Naming for Campaign Types

Different campaign objectives may need specific conventions. For structure guidance, see our campaign structure guide.

Advantage+ Shopping

ASC_[Product]_[Market]_[Date]

Retargeting

RTG_[Audience Window]_[Product]_[Date]

Testing

TST_[Hypothesis]_[Date]

How ROASPIG Helps

Consistent naming at scale requires automation. ROASPIG provides:

  • Automated Naming: Apply naming conventions automatically during ad creation
  • Template Management: Save and reuse naming templates across campaigns
  • UTM Automation: Generate tracking parameters aligned with naming
  • Naming Validation: Flag inconsistent names before upload
  • Bulk Rename: Update existing campaign names at scale

The Bottom Line

Naming conventions are the foundation of scalable ad operations. They enable analysis, simplify management, and speed decision-making. Top advertisers invest in naming systems early because they know the cost of rebuilding later.

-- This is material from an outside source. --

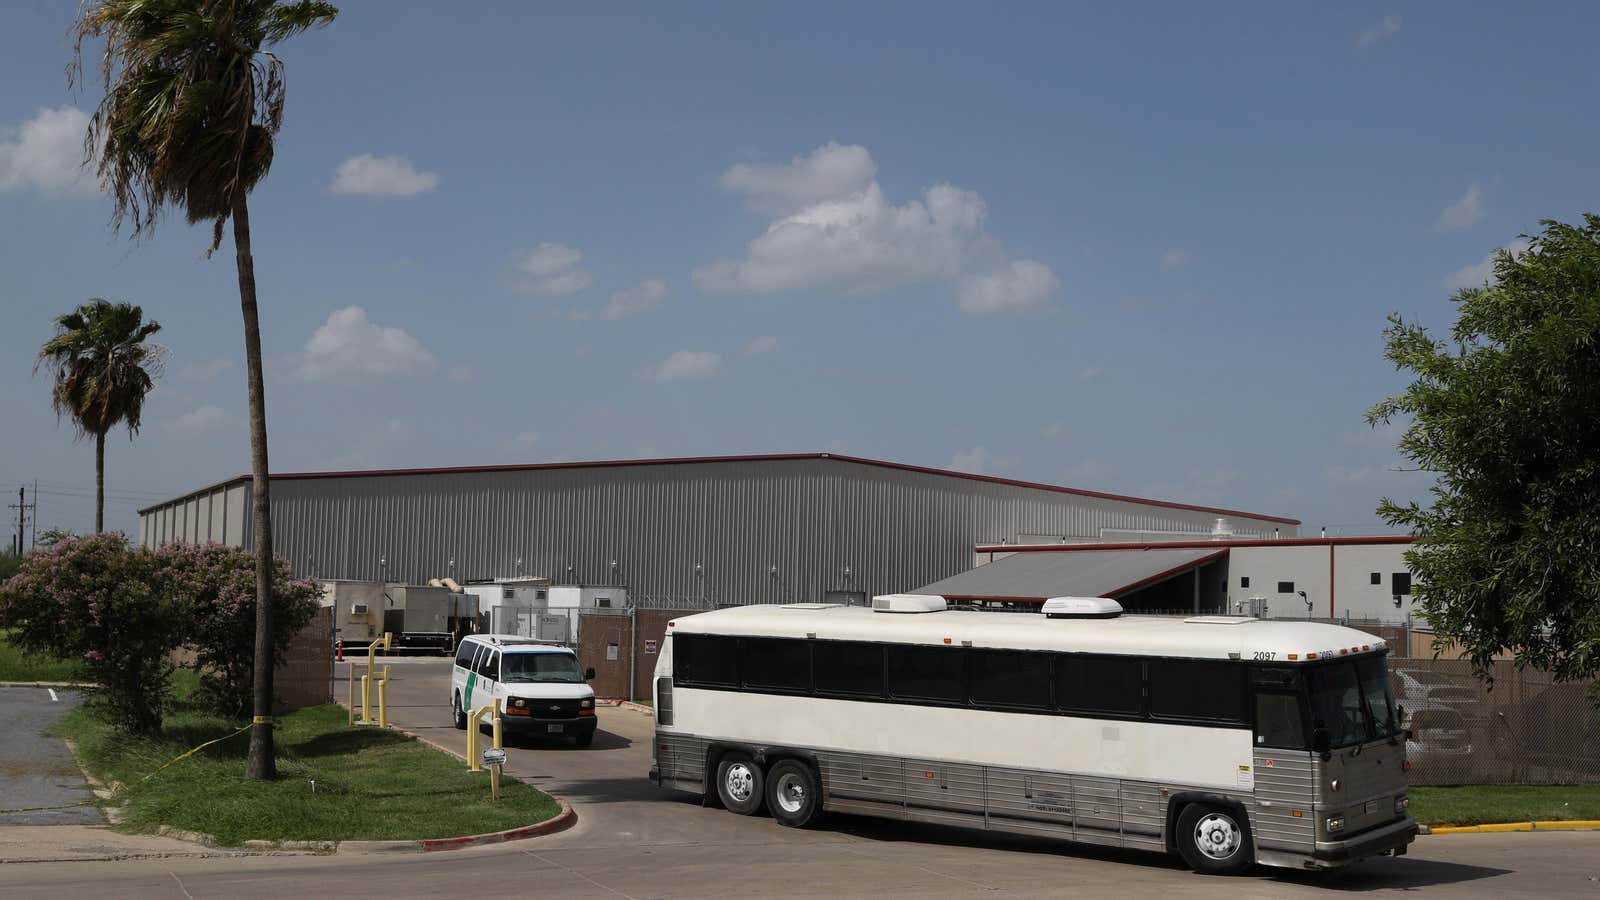 The US Border Patrols warehouse-turned-migrant-processing-center in McAllen, Texas

Start with a simple three-level framework, document it clearly, and enforce it consistently. Your future self will thank you.

Frequently Asked Questions About Campaign Naming Conventions

Include objective (prospecting, retargeting, testing), product or offer, market/geo, and date. Example: PROS_SummerSale_US_0126. This gives strategic context at a glance.

Include format (video, static, carousel), hook type (problem, benefit, question), messaging angle (FOMO, social proof, authority), and version number. This enables creative performance analysis across campaigns.

Yes, dates help with version control and identifying when campaigns launched. Use formats that sort correctly, like MMYY (0126) or YYMMDD (260115).

Document conventions clearly with examples, build naming into workflows with checklists, use automated validation where possible, and conduct regular audits. Consistent enforcement is key.

Underscores work best for most systems and are easy to read. Pick one separator and use it consistently. Avoid mixing underscores, hyphens, and pipes in the same naming system.